▽

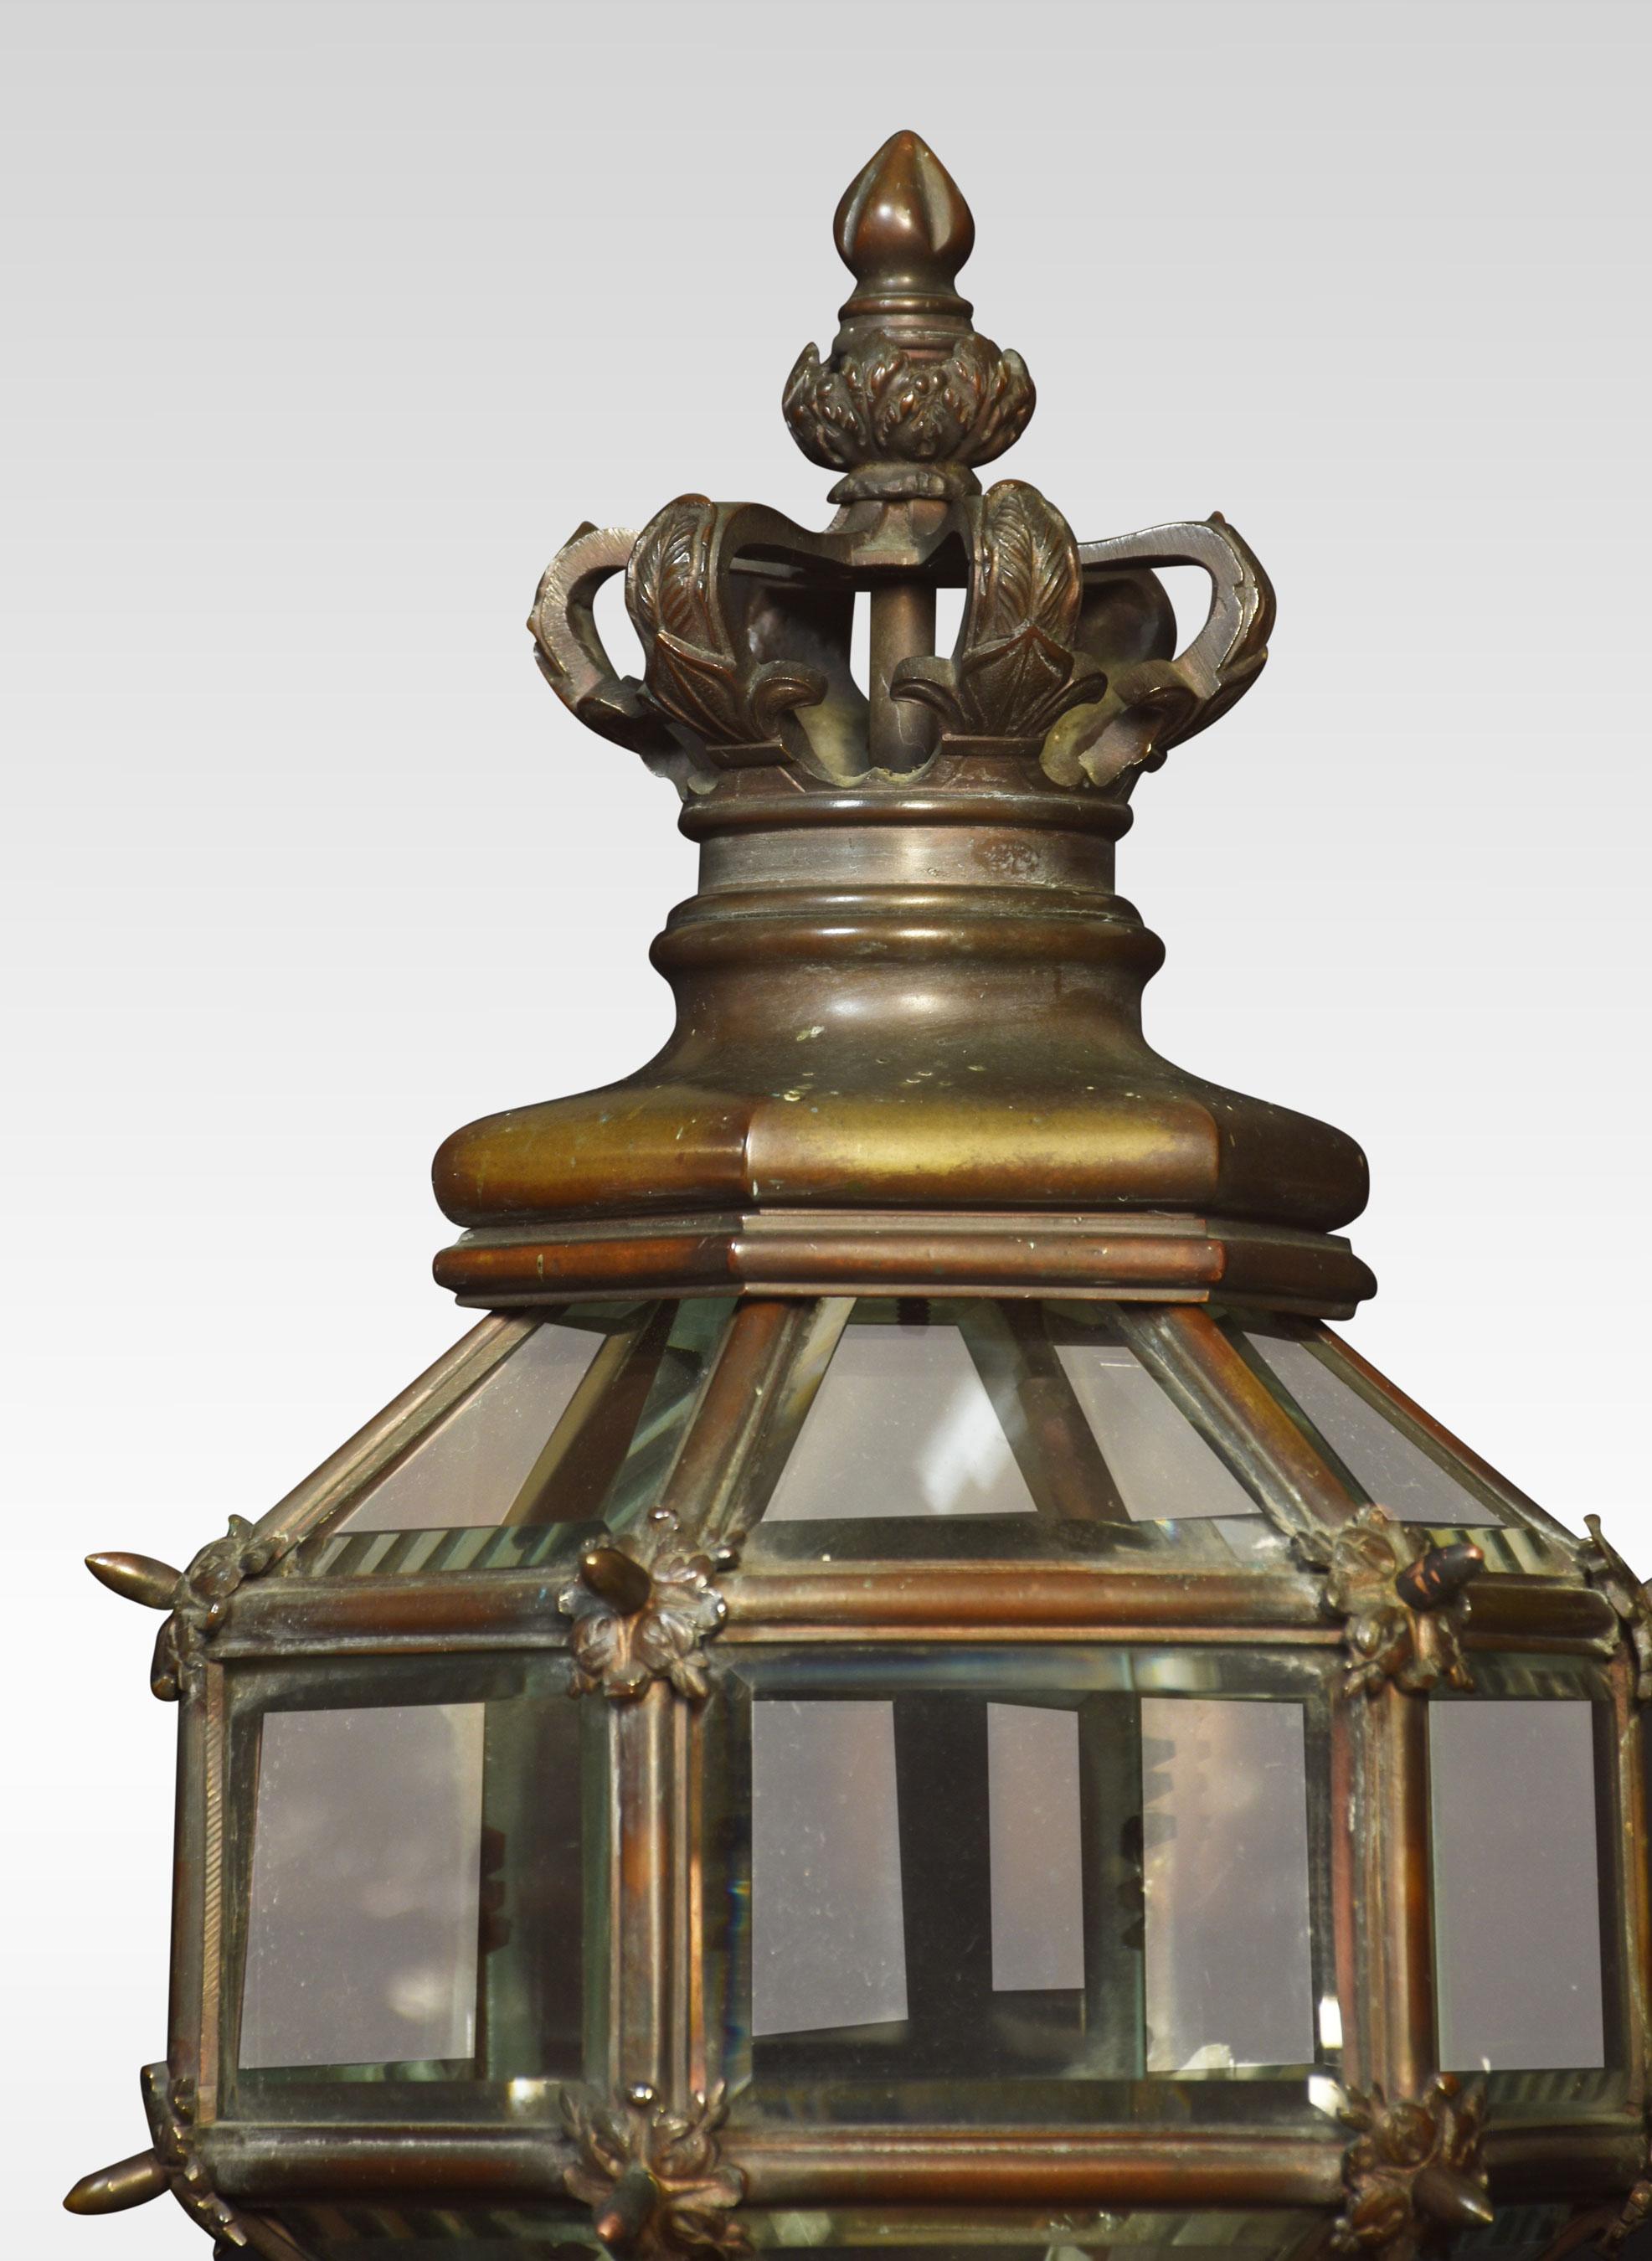 Ein Paar bronzene Newel-Lampen, die Kronen über sechseckigen verglasten Laternen, die auf geriffelten Stielen und runden Sockeln stehen. Die Lampen wurden neu verkabelt.
Abmessungen
Höhe 37 Zoll
Breite 9,5 Zoll
Tiefe 9,5 Zoll.
 

△

Images are to be omitted; repeat the remaining data above exactly.

■ **Exercise result**:
 Ein Paar bronzene Newel-Lampen, die Kronen über sechseckigen verglasten Laternen, die auf geriffelten Stielen und runden Sockeln stehen. Die Lampen wurden neu verkabelt.
Abmessungen
Höhe 37 Zoll
Breite 9,5 Zoll
Tiefe 9,5 Zoll.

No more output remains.